Did some ZZ solves to see if it was actually that good. Block building is a nightmare. My only experience of doing block-building is from FMC, and there is no time pressure there.


----------



## ruffleduck (Jun 28, 2021)

the dnf master said:


> Did some ZZ solves to see if it was actually that good. Block building is a nightmare. My only experience of doing block-building is from FMC, and there is no time pressure there.


Try EOcross. That's what most ZZ users use nowadays.


----------



## Waffles (Jun 28, 2021)

zzoomer said:


> Try EOcross. That's what most ZZ users use nowadays.

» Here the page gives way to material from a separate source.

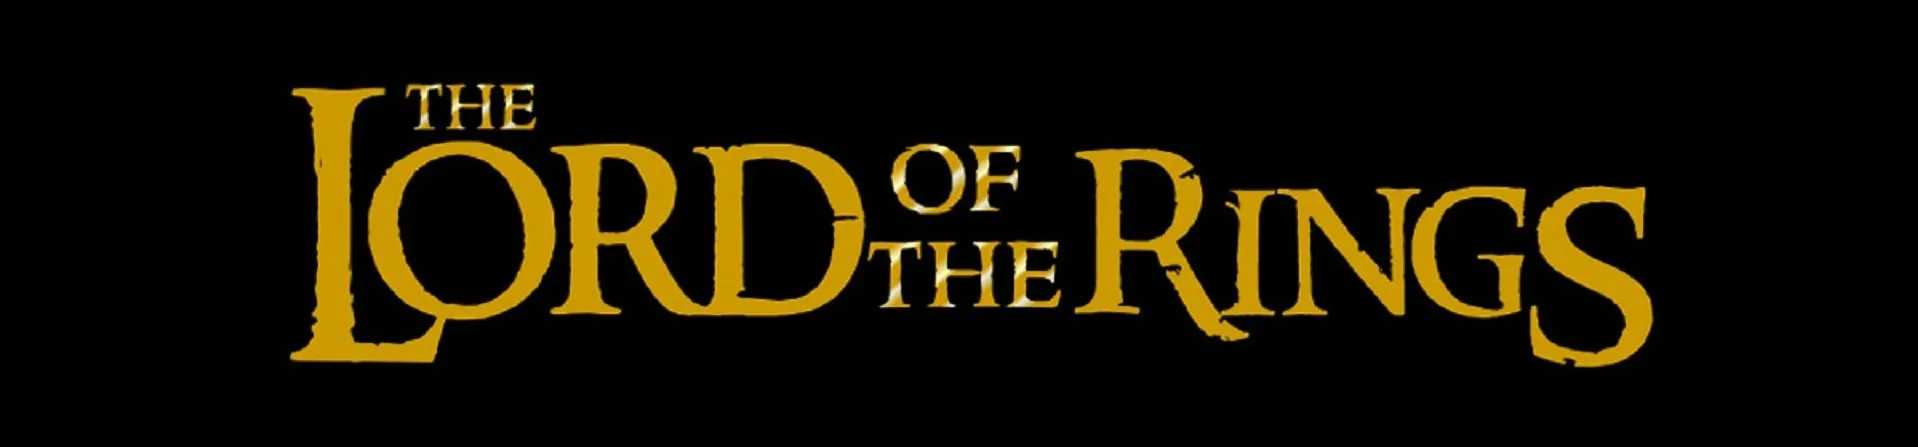 إلغاء لعبة The Lord of the Rings من Amazon
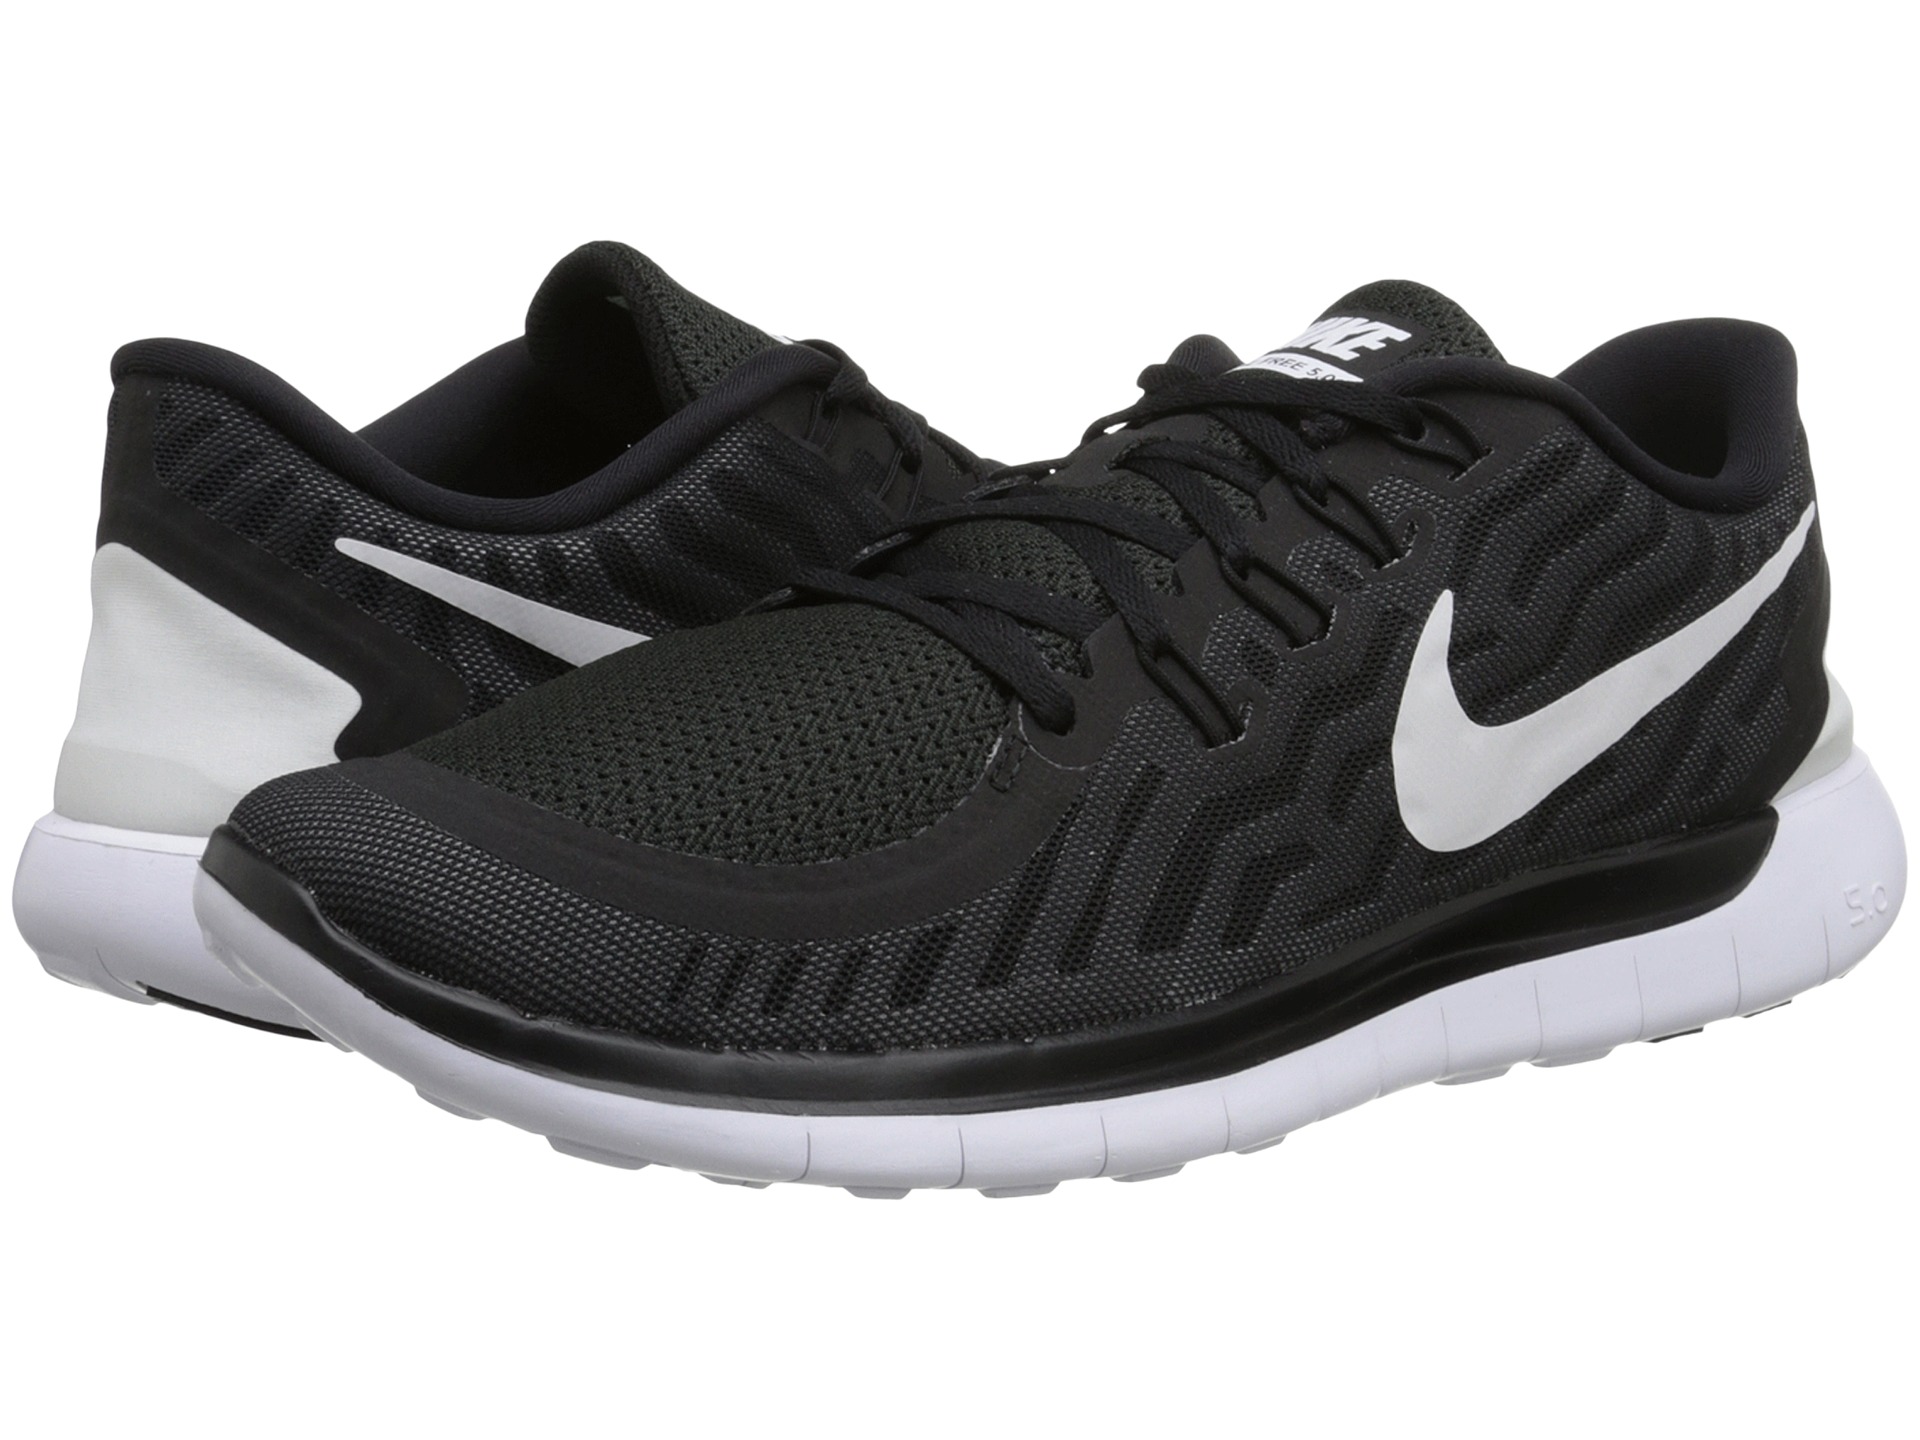 Nike Free 5.0 Black/Dark Grey/Cool Grey/White - Zappos.com Free ...

Yeah, agreed it’s much better. Even I find it’s better for OH cause I’m terrible at using inspection time well (but I’m trying to change that with ZZ)


----------



## the dnf master (Jun 29, 2021)

2 more olls left to learn, 18 and 19


----------



## LBr (Jun 29, 2021)

zzoomer said:


> Practice a lot. Also, don't be like me who wasted time constantly switching methods (started with yau, switched to redux, then yau, redux, yau, and ultimately settled on hoya). Choose one of the three methods then stick to it. I would suggest you use yau because it's easiest to improve with, but you should try all 3.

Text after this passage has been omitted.